In another embodiment of the invention the vessel receiving portion may comprise a tray, perhaps substantially flat, and perhaps rectangular, with low side walls. It may thus be adapted to receive a slide or a capsule carrying the reactants.

In yet another embodiment of the invention the vessel receiving portion may define a slot adapted to receive a reaction chamber formed on part of a slide, the slide being perhaps of credit card dimensions and, perhaps, structure. Such a slide may incorporate enclosed channels wherein reactants are propelled from one station to another to undergo successive stages in a biological, chemical or bio-chemical process.

A particular advantage of the vessel cup assembly according to the present invention is that it, or an array thereof, can readily be incorporated into apparatus for carrying out a chemical, biological or biochemical process. In a preferred construction the apparatus comprises a platform upon which the vessel cup array may be installed, the platform then raised to a process station and lowered therefrom upon completion of the process.

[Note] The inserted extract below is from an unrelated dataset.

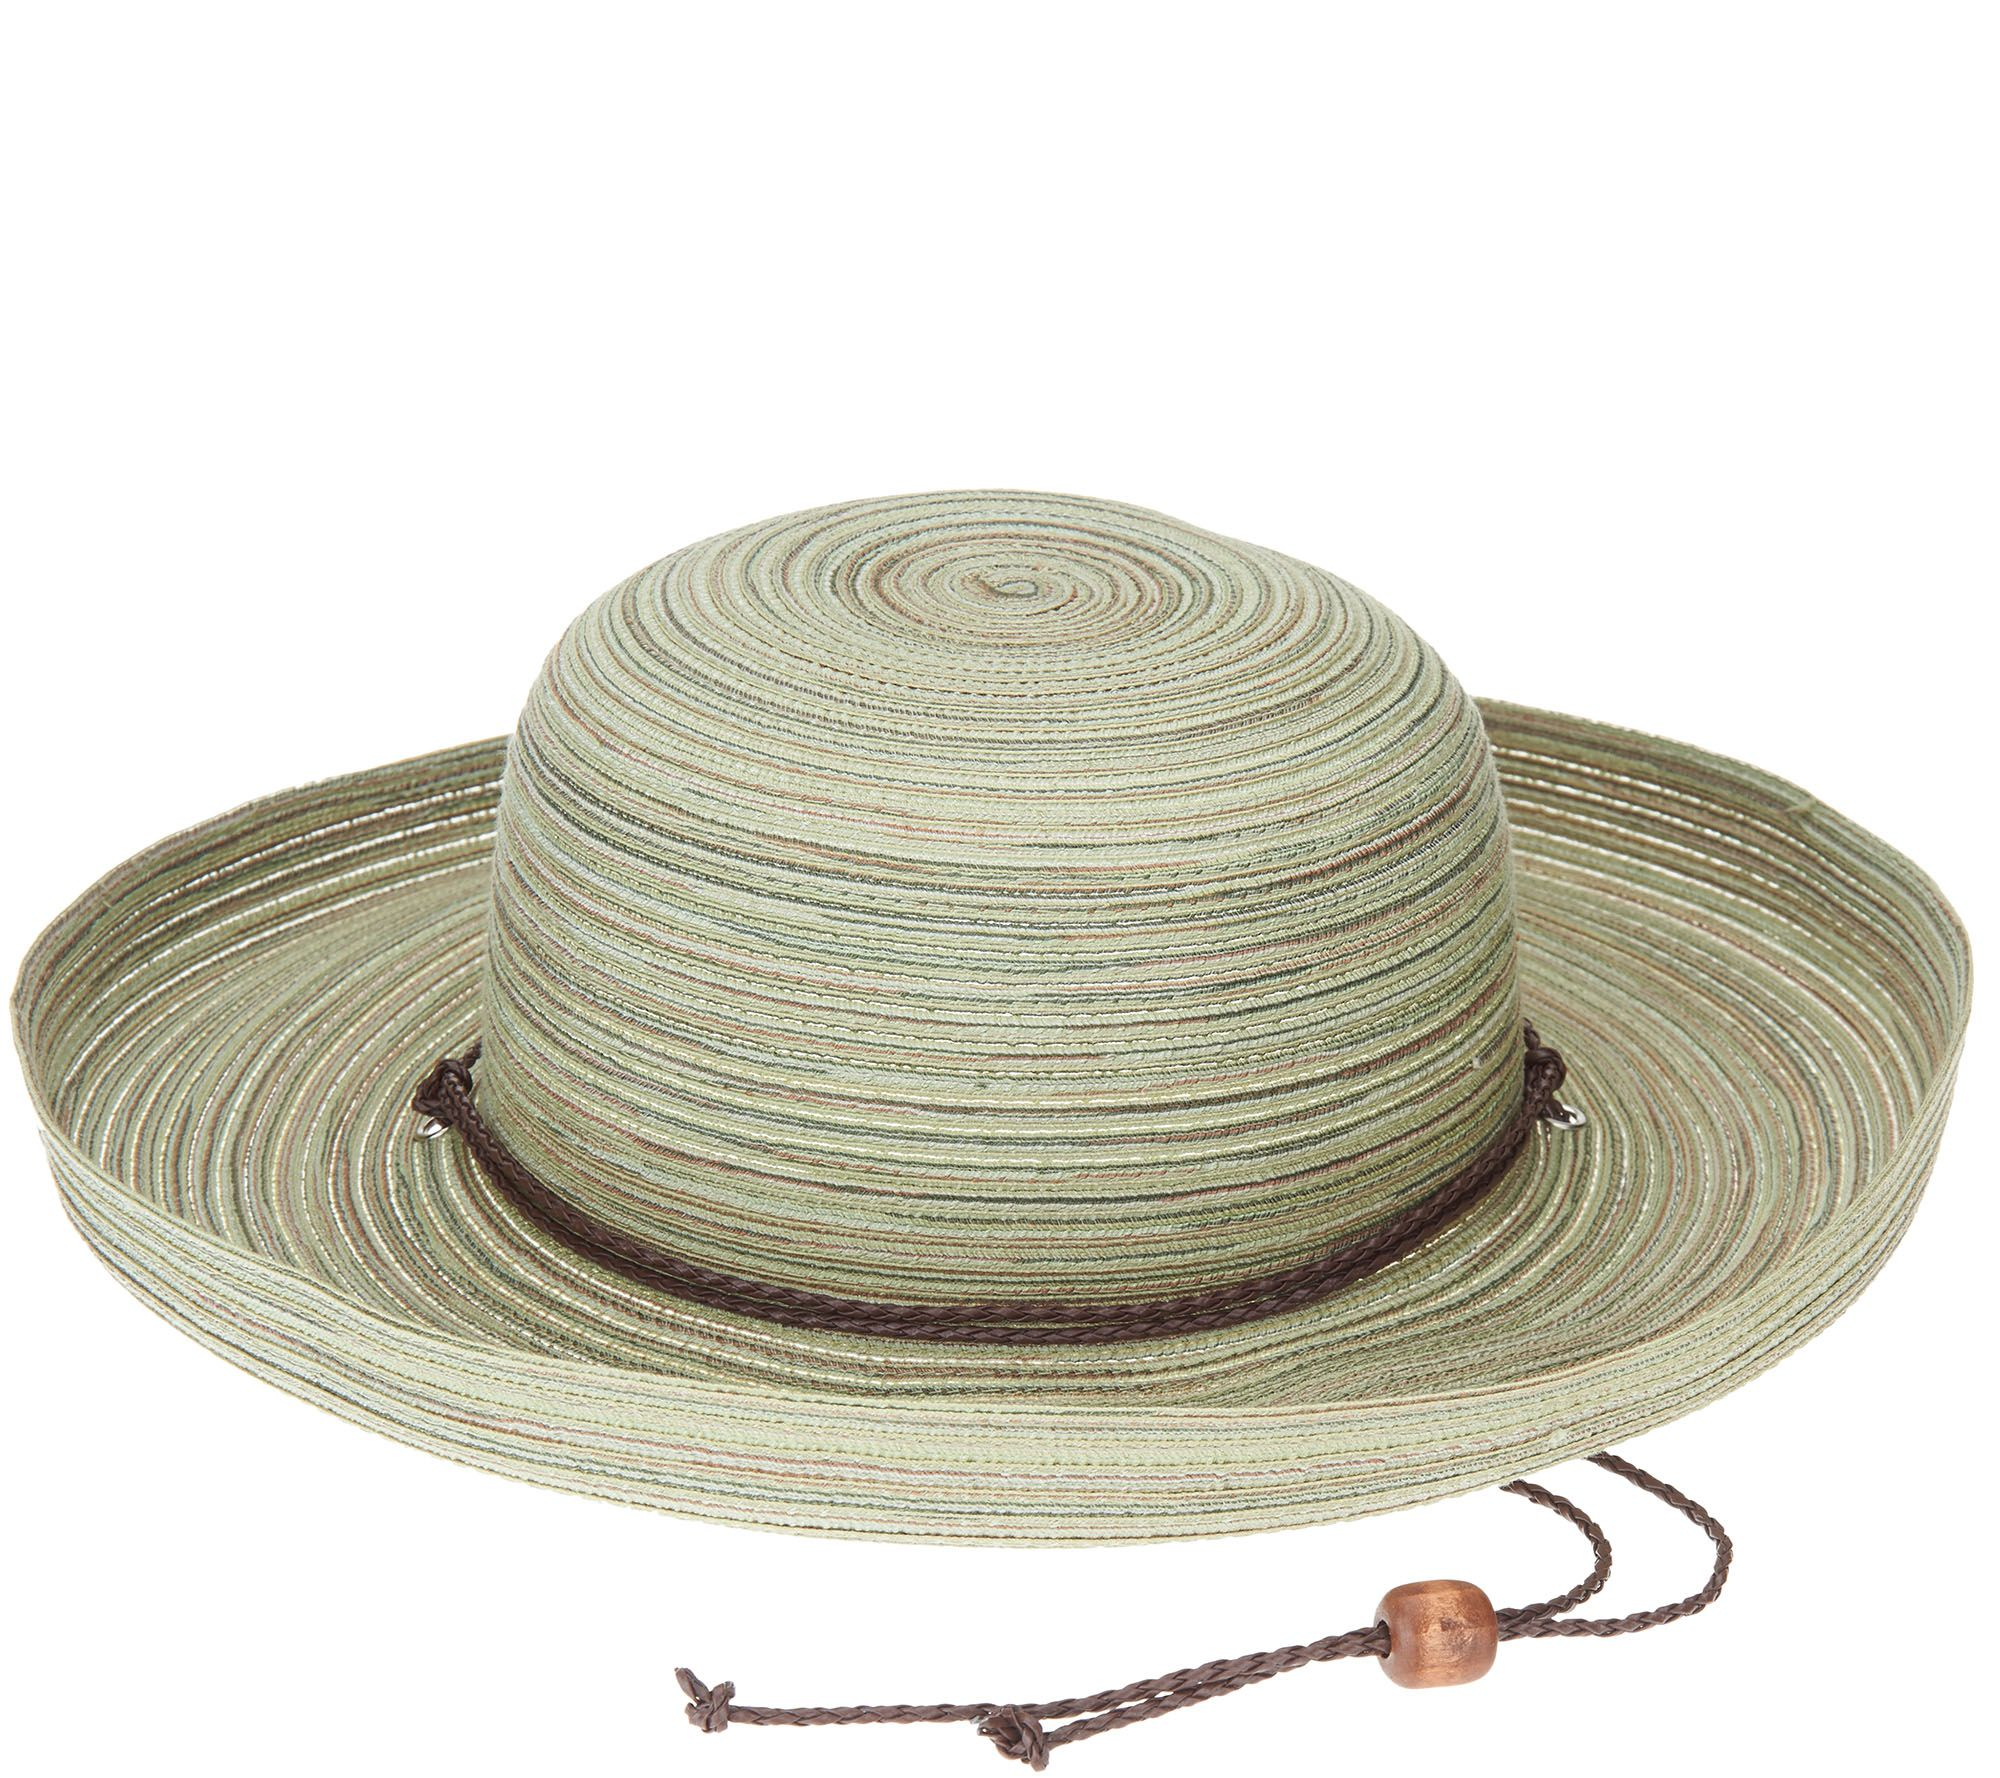 825f7aa01 San Diego Hat Co. Mixed Braid Kettle Brim Sun Hat — QVC.com

The platform may incorporate the cooling station or part of the cooling system where the vessel cup assembly also comprises part of a cooling system, in particular an attached peltier cell or TEC.

BRIEF DESCRIPTION OF THE DRAWINGS

An embodiment of the invention will now be described, by way of example only, with reference to the accompanying drawings, in which:

FIG. 1 is a schematic side elevation of first embodiment of a vessel cup assembly in accordance with the invention;

FIG. 2 is a section on II-II in FIG. 1 but showing a reaction vessel in place.

FIG. 3 is a schematic side view of a second embodiment of a vessel cup assembly in accordance with this invention;

FIG. 4 is a section on IV-IV in FIG. 3;

FIG. 5 is a side elevation of a further vessel cup assembly embodiment;

FIG. 6 is a section on VI-VI in FIG. 5;

FIG. 7 is a side view of a vessel cup assembly adapted for reception of a reaction vessel in the form of a flat faced capsule or slide;

FIG. 8 is a section on VIII-VIII in FIG. 7;

FIG. 9a is an exploded isometric view of a peltier cell;

FIG. 9b is an exploded side view of the cell of FIG. 9a;

FIG. 9c is a section on IX-IX in FIG. 9b; and

FIG. 9d is a plan view of the cell shown in FIG. 9b.

DESCRIPTION OF THE PREFERRED EMBODIMENTS

Illustrated in FIGS. 1 and 2 is a vessel cup assembly having, in order from top to bottom a vessel receiving portion 100, a heater portion 101 and a cooling portion 102. There is an annular anchor stop 103 between the cooling portion 102 and the heater portion 101.

The vessel receiving portion 100 is in the form of a cup for receiving snugly a reaction vessel. The wall of the cup wall tapers down towards the open upper end with a taper angle of about 4°. The cup entry wall thickness is about 0.4 mm and the cup base wall thickness is about 0.95 mm. At the base of the vessel receiving portion 100 an allowance is made for a gap 100a between the base and the bottom of the reaction vessel. The gap 100a will be of the order of 2 to 4 mm deep.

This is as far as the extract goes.